The "Year of Commercial Production" shall mean [                             
                                                                      ]*  The
supplying party agrees to negotiate with the purchasing party in good faith to
increase the Minimum Quantity for each one hundred eighty (180) days additional
notice which the purchasing party gives the supplying party.

         A Force Majeure affecting the supplying party shall relieve the
supplying party of any liability for failure to supply the Minimum Quantity.

4.       DELIVERY AND ACCEPTANCE

         4.1     DELIVERY.  In the absence of specific instructions from the
purchasing party, the shipping and packaging method used will be at the
discretion of the supplying party.  Deliveries shall be made FOB the supplying
party's manufacturing facility (ICC Incoterms 1990), and shall be shipped to
the purchasing party's address as set forth in this Agreement unless otherwise
specified in the Purchase Order.  Unless a Purchase Order specifies the name of
a carrier, the supplying party will select the carrier.  The supplying party
shall bear the risk of loss until such time as shipment has been placed on
board the carrier, at which time the risk of loss shall be borne by the
purchasing party.  The parties hereto agree that Title to the Products shall
pass at the time that the supplying party places the Products on board the
common carrier.  Any claims for damage or loss in transit shall be placed by
the purchasing party through the carrier.  All shipments will be shipped by the
supplying party freight collect, or if prepaid, such freight will be
subsequently billed to the purchasing party and the purchasing party will
reimburse the supplying party for such freight.  The supplying party


                * Indicates portions of text that have been omitted. A separate
                filing of such omitted text has been made with the Commission as
                part of Registrant's application for confidential treatment.


                                       3.
   4
reserves the right to deliver to the purchasing party in advance of estimated
delivery dates with the prior consent of the purchasing party.  At the
purchasing party's request and expense, the supplying party will insure the
shipments against damage to or loss of Products.  Any shipping insurance so
provided by the supplying party will subsequently be billed to the purchasing
party, and the purchasing party will reimburse the supplying party for such
expense.  The purchasing party shall also pay all insurance premiums, packing
charges, inspection fees, duties, tariffs, impost and similar charges as well
as the other amounts due under Section 5 below.
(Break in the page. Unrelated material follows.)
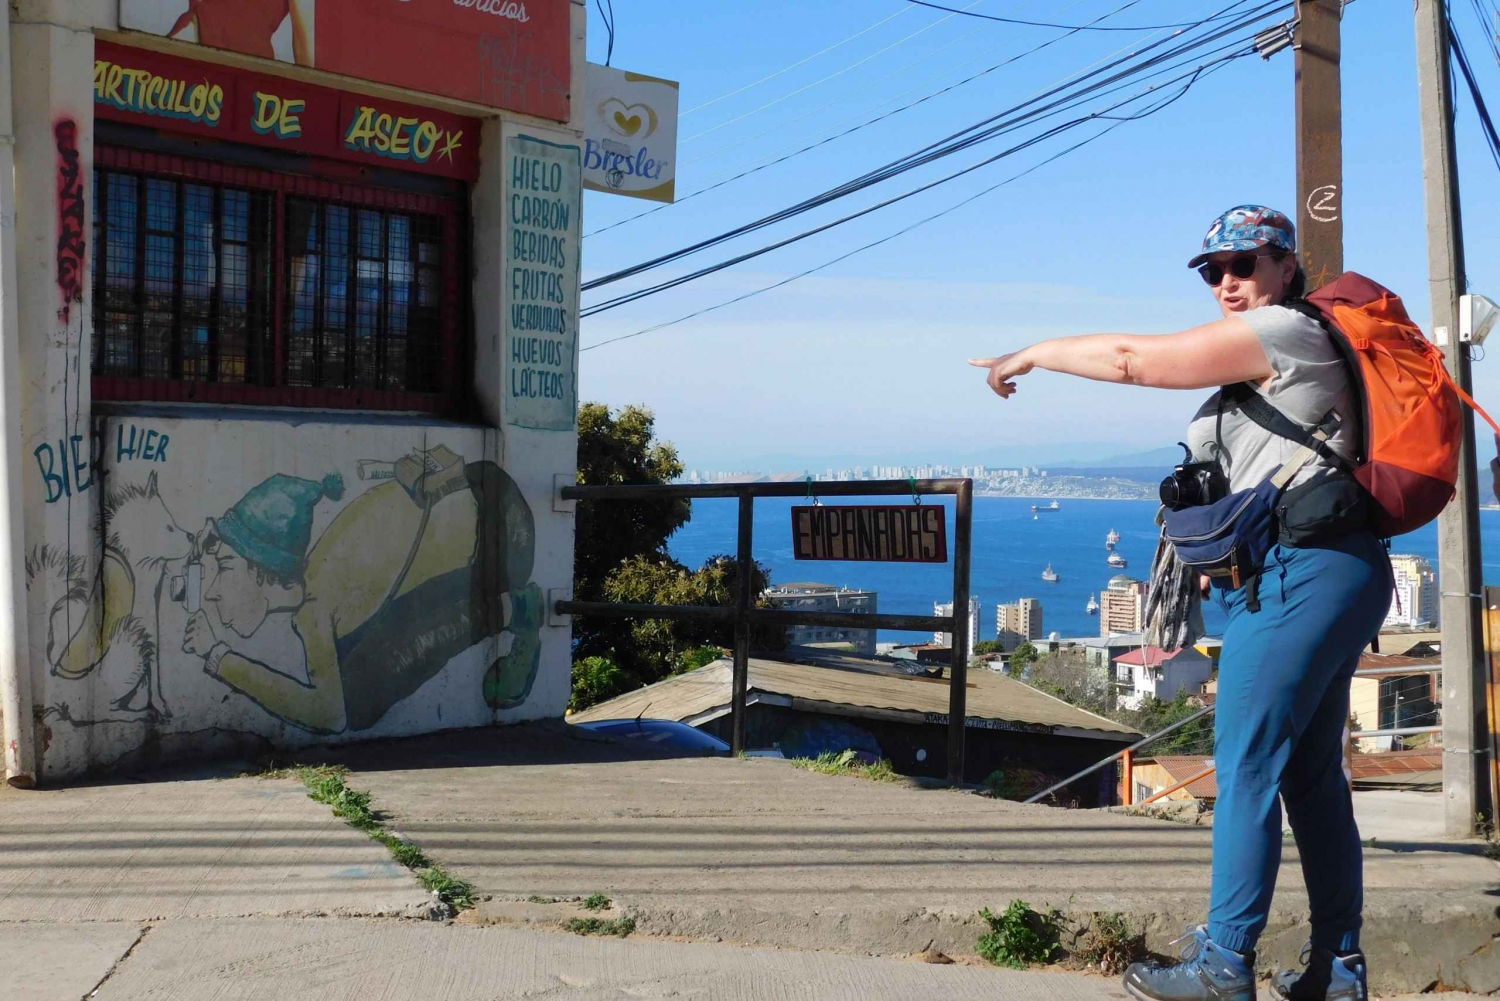 Valparaíso pieszo i w kolorze: odkryj jego ukryte skarby

         4.2     ACCEPTANCE.  The purchasing party shall inspect all goods
promptly upon receipt thereof at the shipping destination and may reject any
goods which fail in any material respect to meet the Product Specifications
prevailing on the date of delivery.  Goods not rejected by written notification
to the supplying party within fourteen (14) calendar days of receipt shall be
deemed to have been accepted.  Rejected goods shall be shipped freight prepaid
to the supplying party within ten (10) calendar days of receipt from the
supplying party of a return authorization number, which the purchasing party
may obtain from the supplying party by telephone upon proper explanation of the
rejection.  As promptly as possible but not later than sixty (60) days after
receipt by the supplying party of properly rejected goods, the supplying party
shall, at its option and expense, either repair or replace rejected goods.  The
party shipping the goods pursuant to this Section 4.2 shall bear the entire
risk of loss for goods during shipment.  Any insurance proceeds payable in
respect of any loss incurred shall be paid to the party bearing the risk of
loss for such goods to the extent of the loss incurred therefor.  The supplying
party will prepay transportation charges back to the purchasing party and shall
reimburse the purchasing party for any costs of transportation incurred by the
purchasing party in connection with the return to the supplying party of
properly rejected goods; otherwise, the purchasing party shall pay
transportation charges in both directions.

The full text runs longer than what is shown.